The Trump administration isn’t waiting for the Court’s decision. With an eye toward the 2028 Olympics in Los Angeles, the State Department has said it will deny visas to trans women athletes seeking to enter the U.S., and on January 14, the Trump administration launched a probe of 15 school districts and three colleges that it says violate “women’s rights, dignity, and fairness” by allowing trans girls to compete in sports. Under pressure from Trump, both the NCAA and the U.S. Olympic and Paralympic Committee have already caved and banned trans women athletes from participating.
In doing so, the administration has seeded precedents that advance a right-wing feedback loop: During oral arguments, Justice Brett Kavanaugh pointed to the fact that the NCAA and the USOPC now bar trans women from competing as evidence that “allowing transgender women and girls to participate will undermine or reverse that amazing success” — omitting any mention that these groups were pressured to do so. The mere existence of anti-trans laws and policies, passed at the behest of right-wing groups, are now being offered as proof of their own legitimacy.
Female athletes have always been the subject of intense scrutiny, and sports are so interlaced with confused ideas of gender and sex that, at the beginning of the 20th century, newspapers like the Daily Herald insisted that athletic competition would turn women intolerably “masculine,” creating a “new type of human being, neither male nor female.” But perhaps the modern era of scrutinizing women’s bodies in sports started in 1936, after Helen Stephens, a cis American sprinter, won gold at the Berlin Olympics. European newspapers accused her of being a man, pointing to her biceps and deep voice as proof that she had transgressed the boundaries of femininity. Stephens’s gold medal stood, but a group of sports officials successfully whipped the controversy over her victory into the first policy requiring medical examinations of women athletes. Thereafter, track-and-field officials could strip test any woman about whom there were “questions of a physical nature.”
What followed were decades of criticism from doctors, including from the American Medical Association, that led elite sports bodies to largely phase out sex tests by around 2000. Now, because of the current anti-trans panic, they are embracing bodily surveillance once again. Next month, at the Winter Olympics in Italy, all women skiers and snowboarders will be forced to sit for DNA tests that would effectively exclude anyone with a Y chromosome from competition. The tests have also received endorsements from World Athletics and World Boxing; Kirsty Coventry, the new leader of the International Olympic Committee, has promoted a “scientific approach” to “protect the female category.”
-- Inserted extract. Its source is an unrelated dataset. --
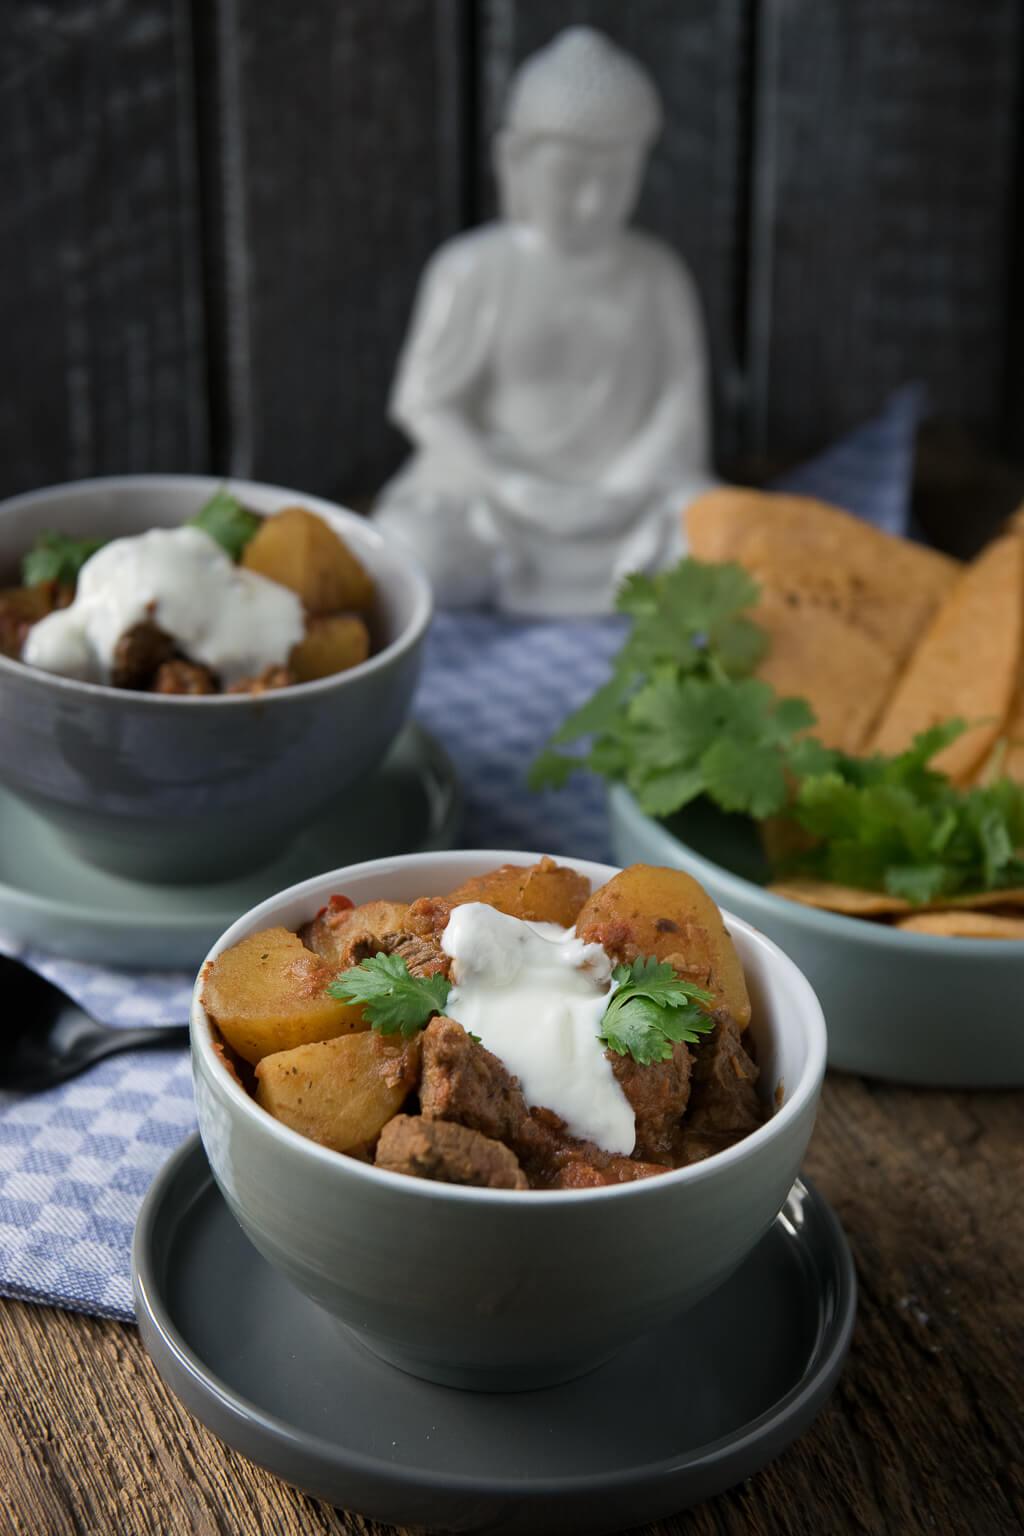 Super lecker aus dem Slowcooker - Curry Kartoffel Rindfleisch Topf

The downwind effects seem imminent. Conservative activists in Washington State have submitted more than 400,000 signatures supporting a ballot measure that would require verification of a student’s biological sex, including genital inspections, to participate in school sports. A similar policy was included in the original version of Ohio’s bill to ban trans women and girls from school sports, though it was eventually spiked. While advocates frame these sex-testing policies as a way to safeguard women’s access to sports, increasingly, the opposite seems to be true. In Edmonton, Canada, a recent requirement that the parents of girls ages 12 and up present a form attesting that their child is “of the female sex at birth” led to a decline in enrollment. Rather than deal with constant scrutiny of their bodies, many girls may just opt to abandon sports entirely.